18. In continuation, taking into account the consideration under number II./15. above, the Chamber referred to art.12bis par. 2 of the Regulations which stipulates that any club found to have delayed a due payment for more than 30 days without a prima facie contractual basis may be sanctioned in accordance with art. 12bis par. 4 of the Regulations.
19. The Chamber established that in virtue of art. 12bis par. 4 of the Regulations it has competence to impose sanctions on the Respondent. In this context, the Chamber highlighted that on 18 May 2016 (YY-YYYYY), on 26 May 2016 (XX-XXXXX) and on 13 October 2016 (ZZ-ZZZZZ), the Respondent had already been found by the DRC judge and the DRC to have delayed a due payment for more than 30 days without a prima facie contractual basis.
20. Having said that, the Chamber established that, in the present matter, the Respondent is found to have delayed a due payment for more than 30 days without a prima facie contractual basis for the fourth time.
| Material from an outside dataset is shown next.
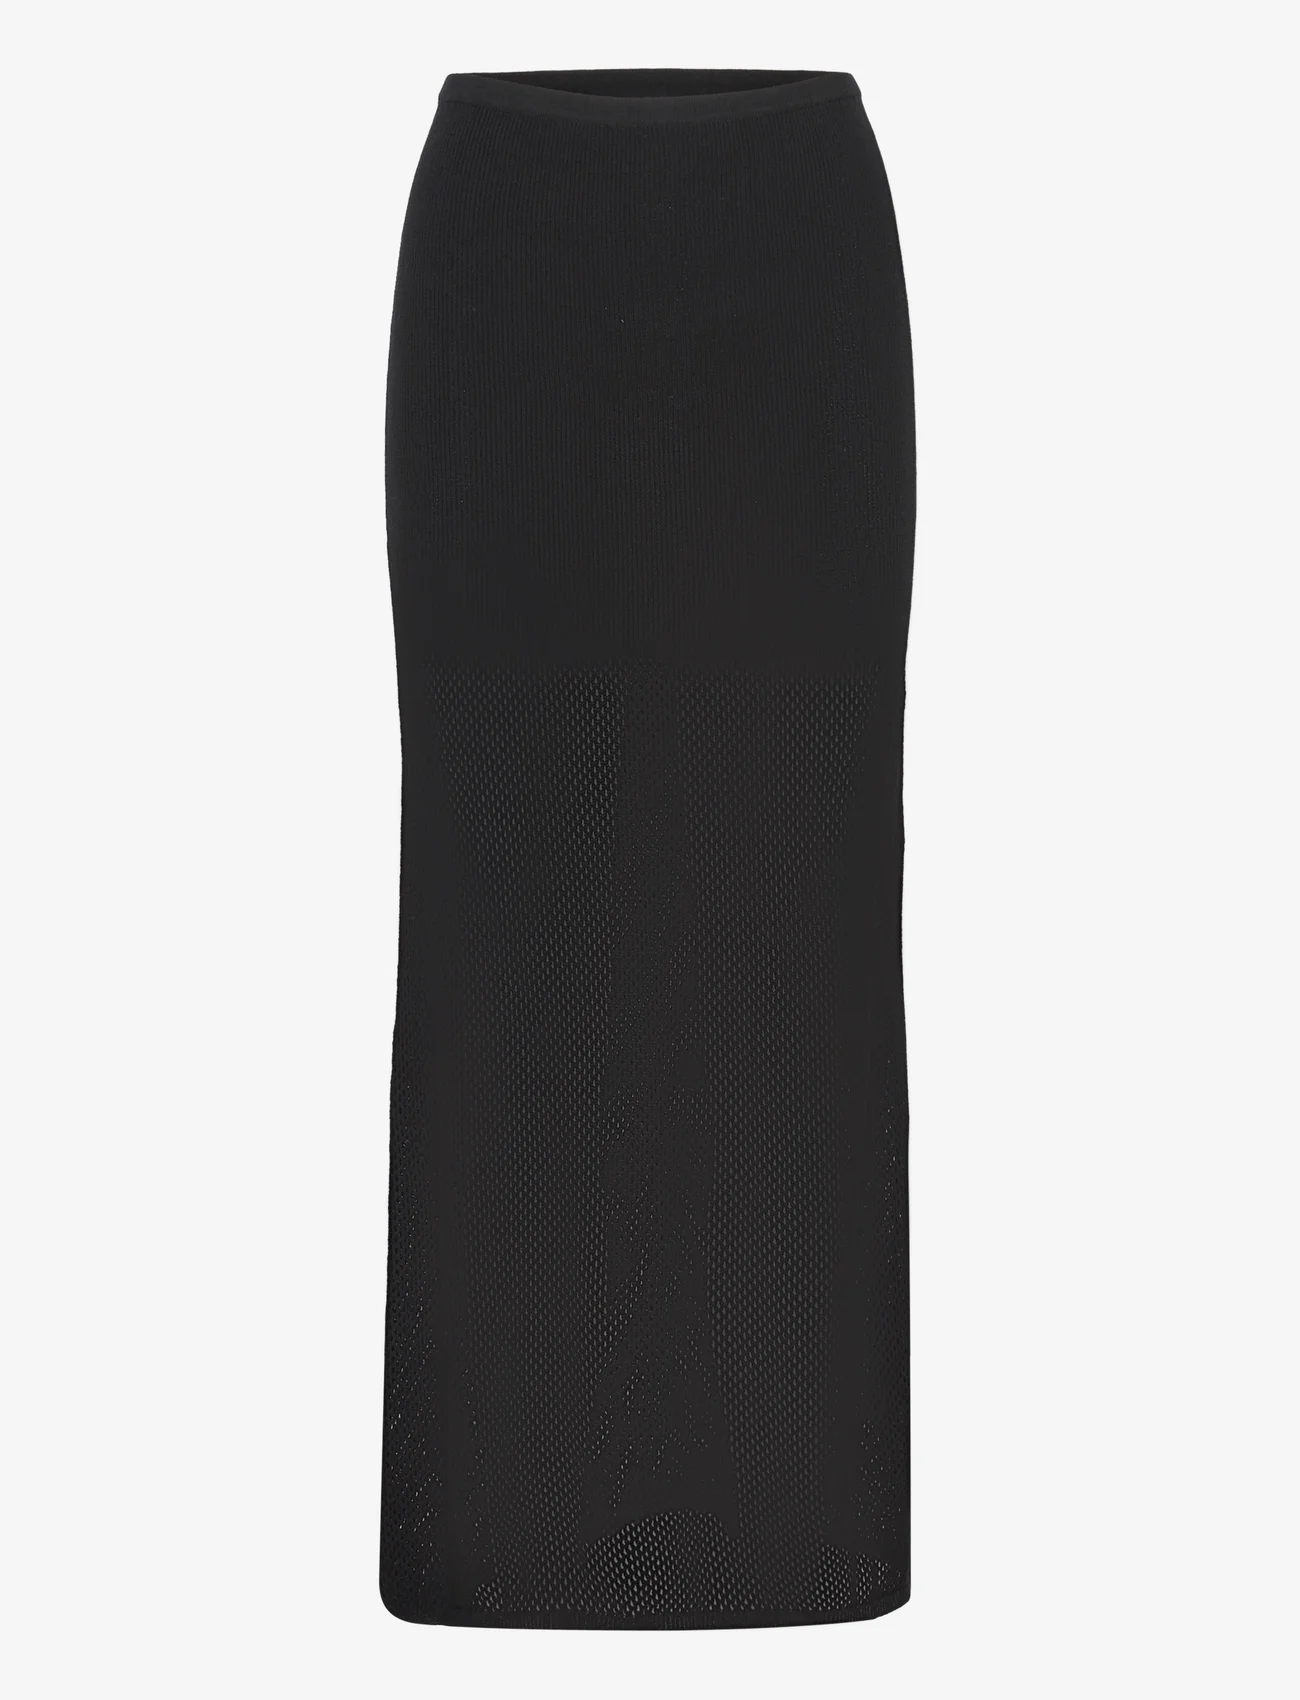 My Essential Wardrobe - AvaMW Knit Skirt - lange rokken - black - 0

21. Moreover, the members of the Chamber wished to underline and took into account that the Respondent had been found by the Dispute Resolution Chamber and/or the DRC judge responsible for not complying with its financial obligations towards players on various other occasions in the recent past.
22. Along these lines, the DRC referred to art. 12bis par. 6 of the Regulations, which establishes that a repeated offence will be considered as an aggravating circumstance and lead to more severe penalty.
23. Therefore, in accordance with art. 12bis par. 4 lit. d) in conjunction with art. 12bis paras 7 and 8 of the Regulations, the DRC decided that the Respondent shall be banned from registering any new players, either nationally or internationally, for one entire registration period. The execution of this registration ban is suspended during a probationary period of one year following the notification of the present decision. If the Respondent commits another infringement during the one year probationary period, the suspension is automatically revoked and the registration ban executed.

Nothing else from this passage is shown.